* [HOW TO COMPLETE THIS TASK]
Please find the line that holds "第5話 Let'座禅 「座禅の仕方」p9-p12" below and reproduce it, along with every line after it through the end, exactly and without pictures.

* [DATASET EXTRACT]
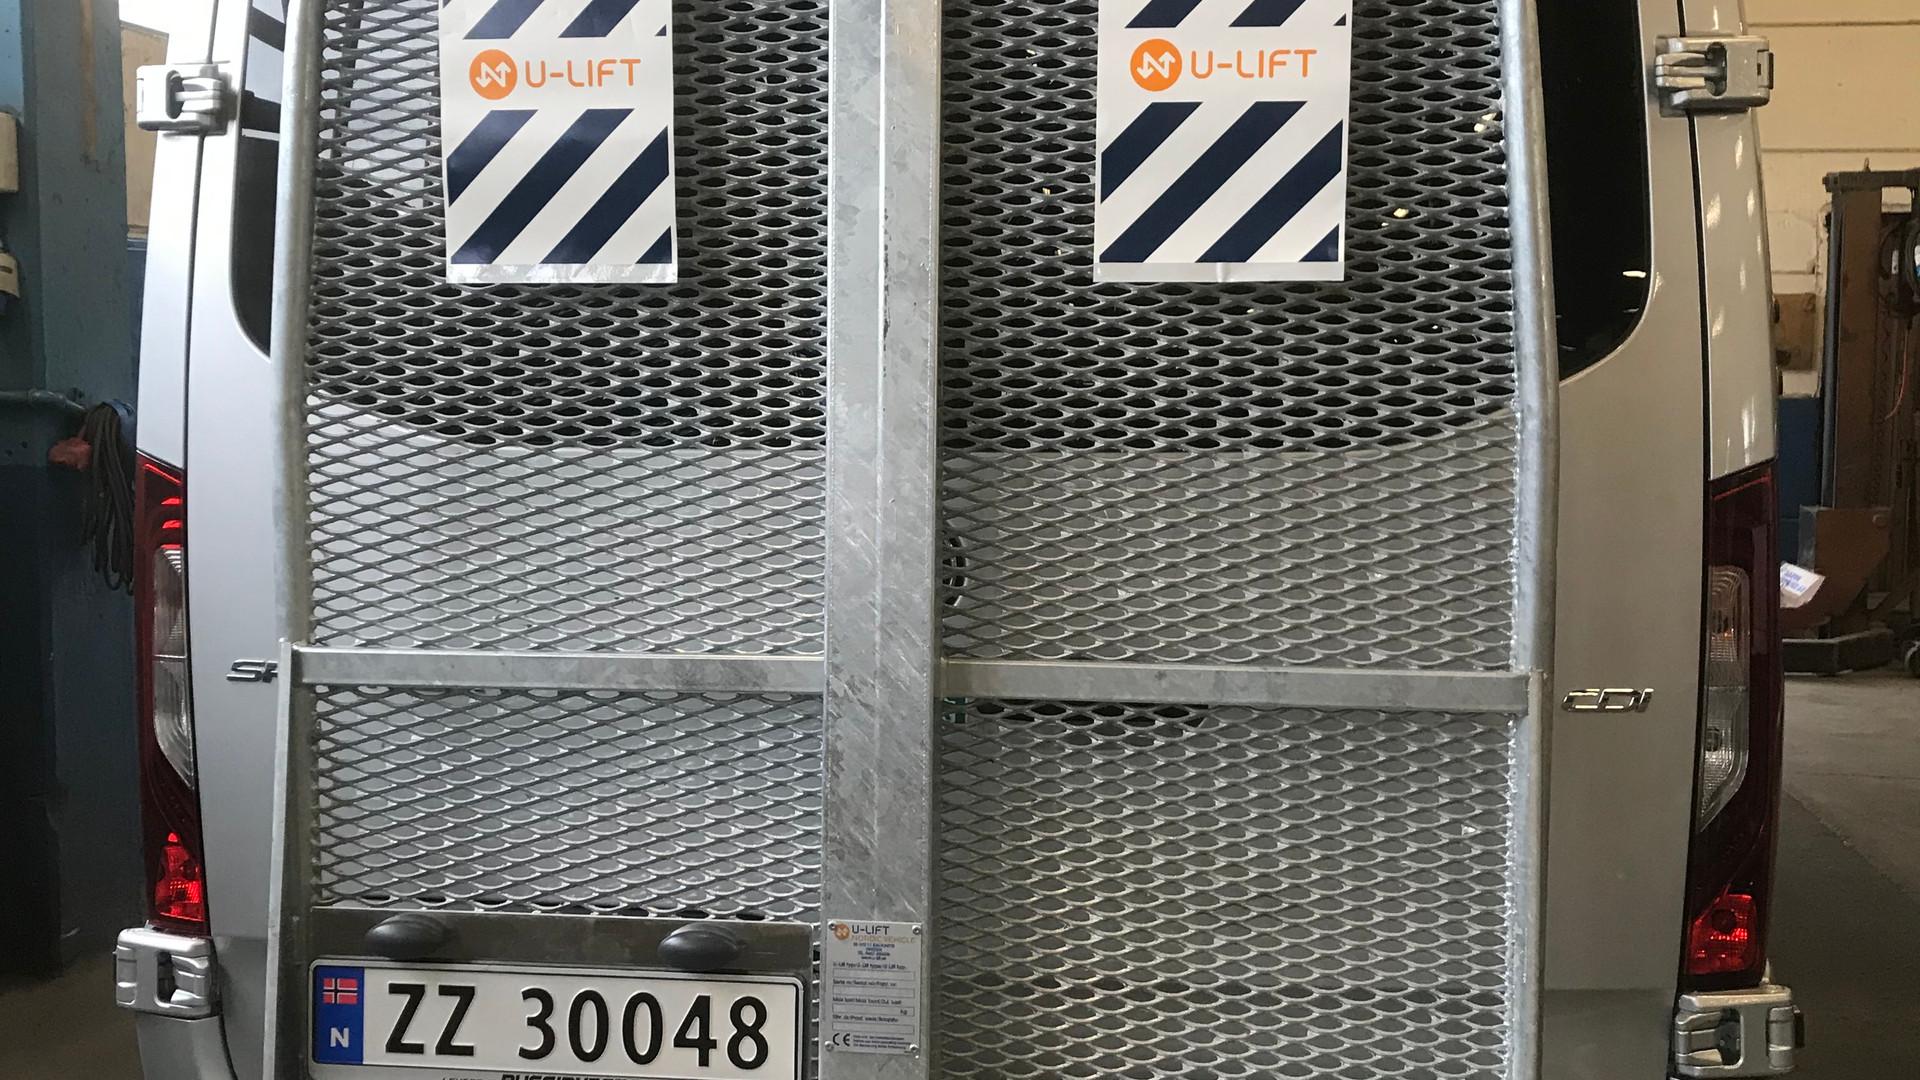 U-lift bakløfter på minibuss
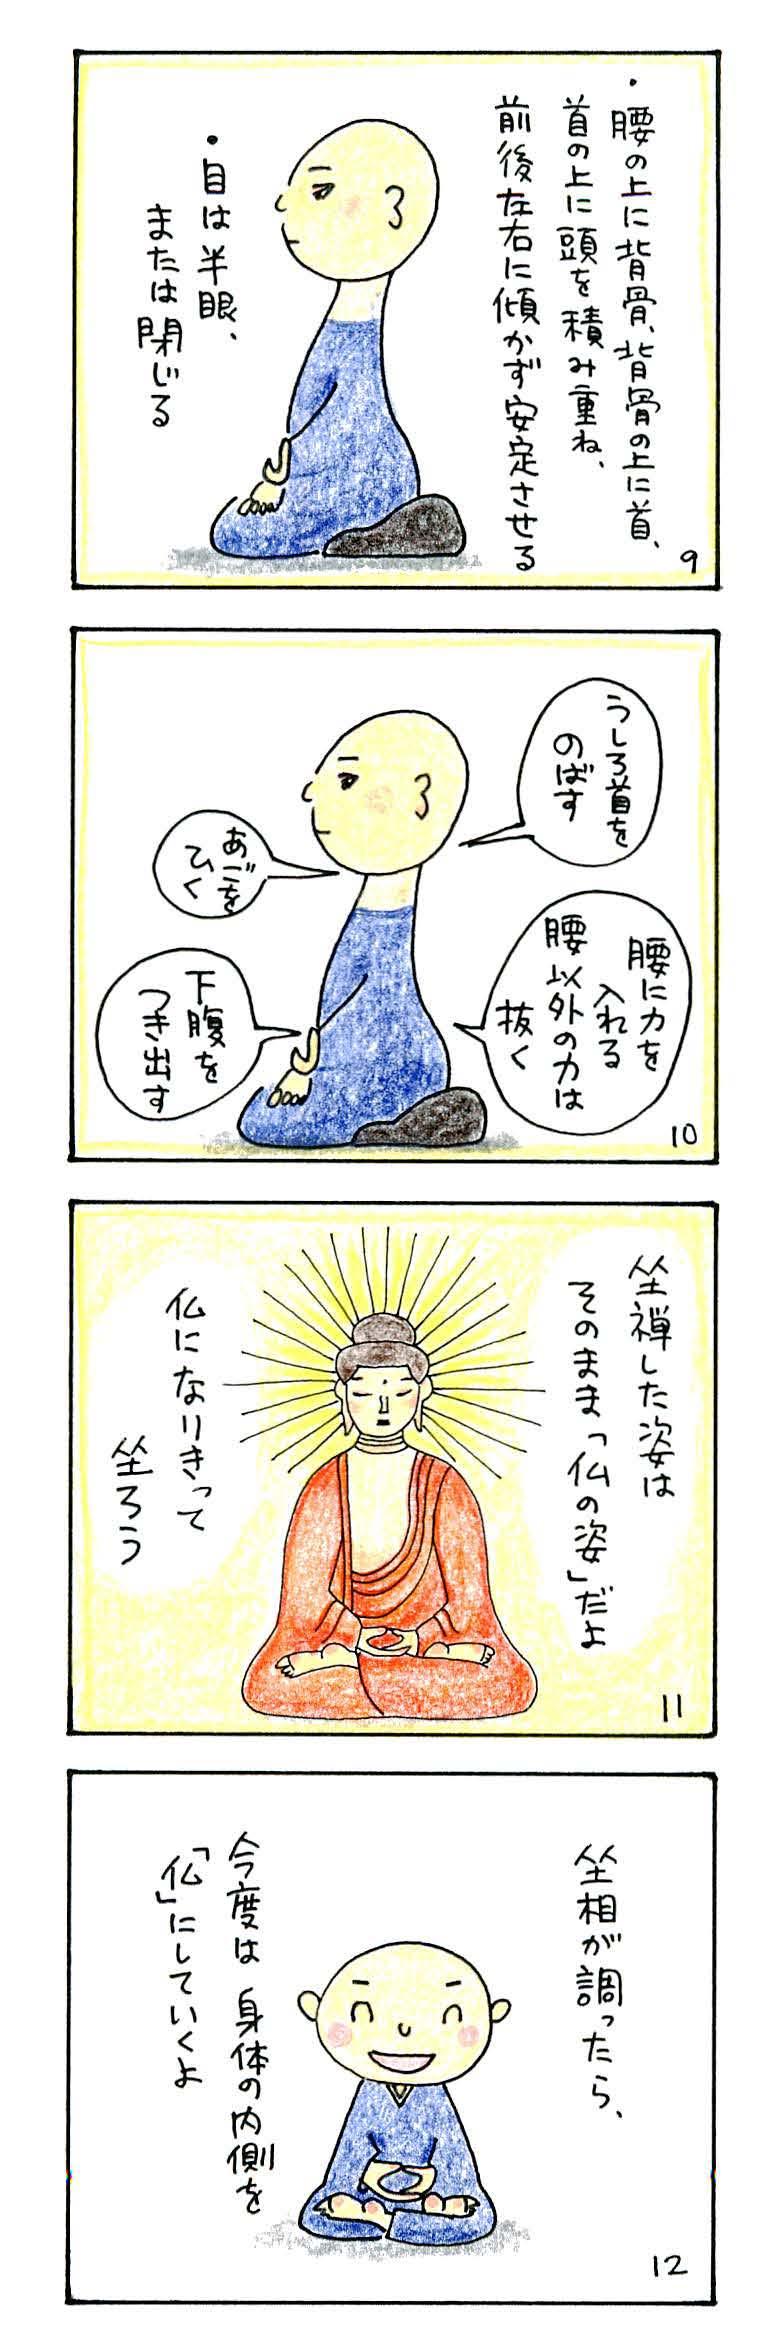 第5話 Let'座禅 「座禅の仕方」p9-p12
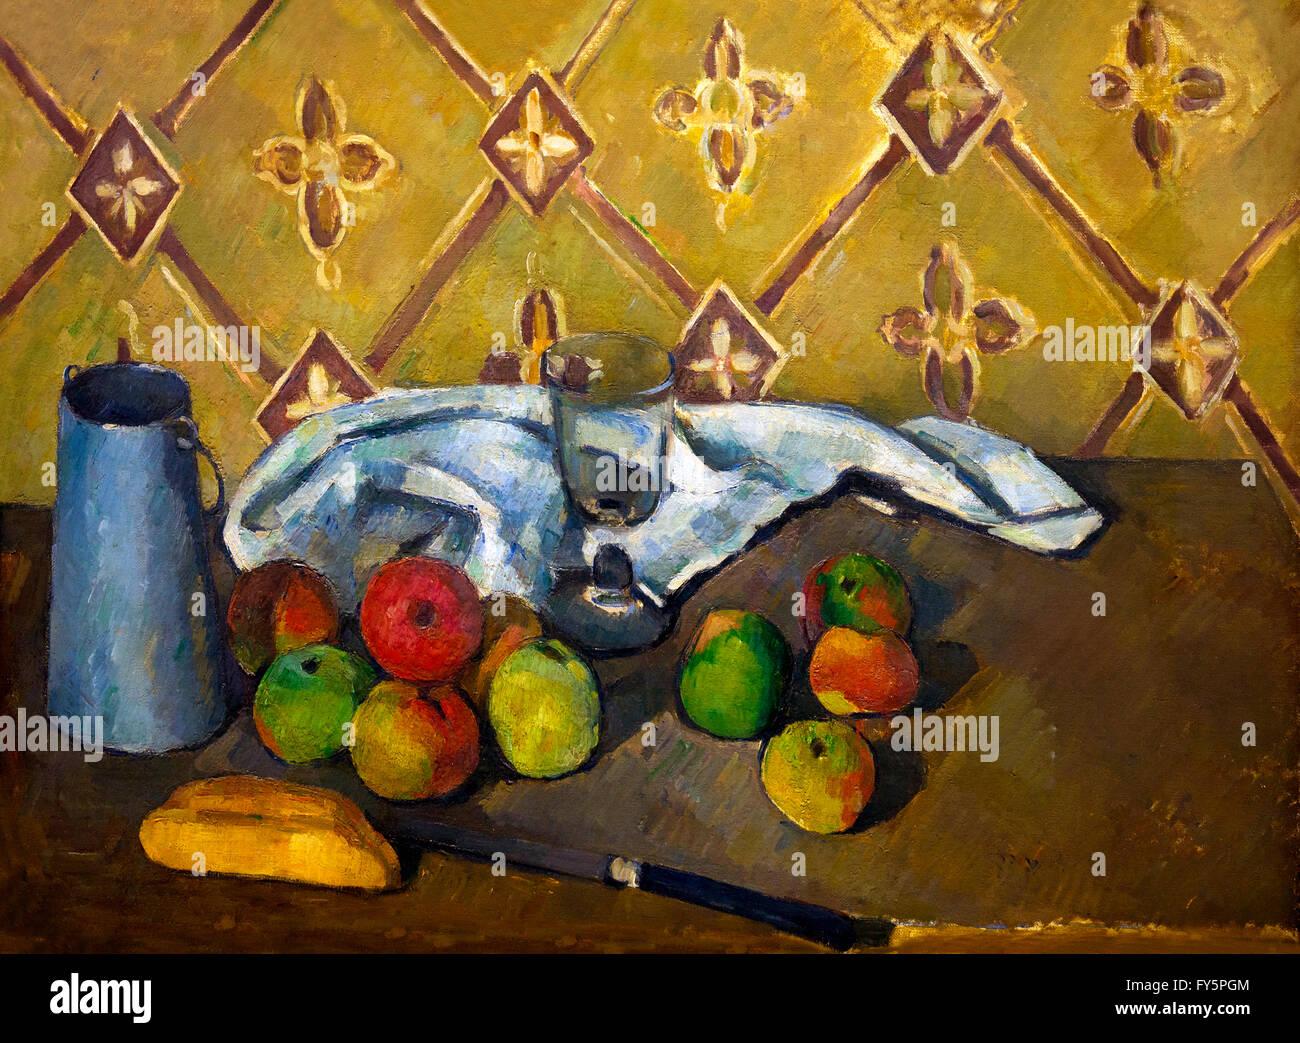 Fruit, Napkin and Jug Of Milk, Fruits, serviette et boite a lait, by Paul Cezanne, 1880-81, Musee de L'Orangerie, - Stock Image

* [ANSWER TO THIS EXERCISE]
 第5話 Let'座禅 「座禅の仕方」p9-p12
 Fruit, Napkin and Jug Of Milk, Fruits, serviette et boite a lait, by Paul Cezanne, 1880-81, Musee de L'Orangerie, - Stock Image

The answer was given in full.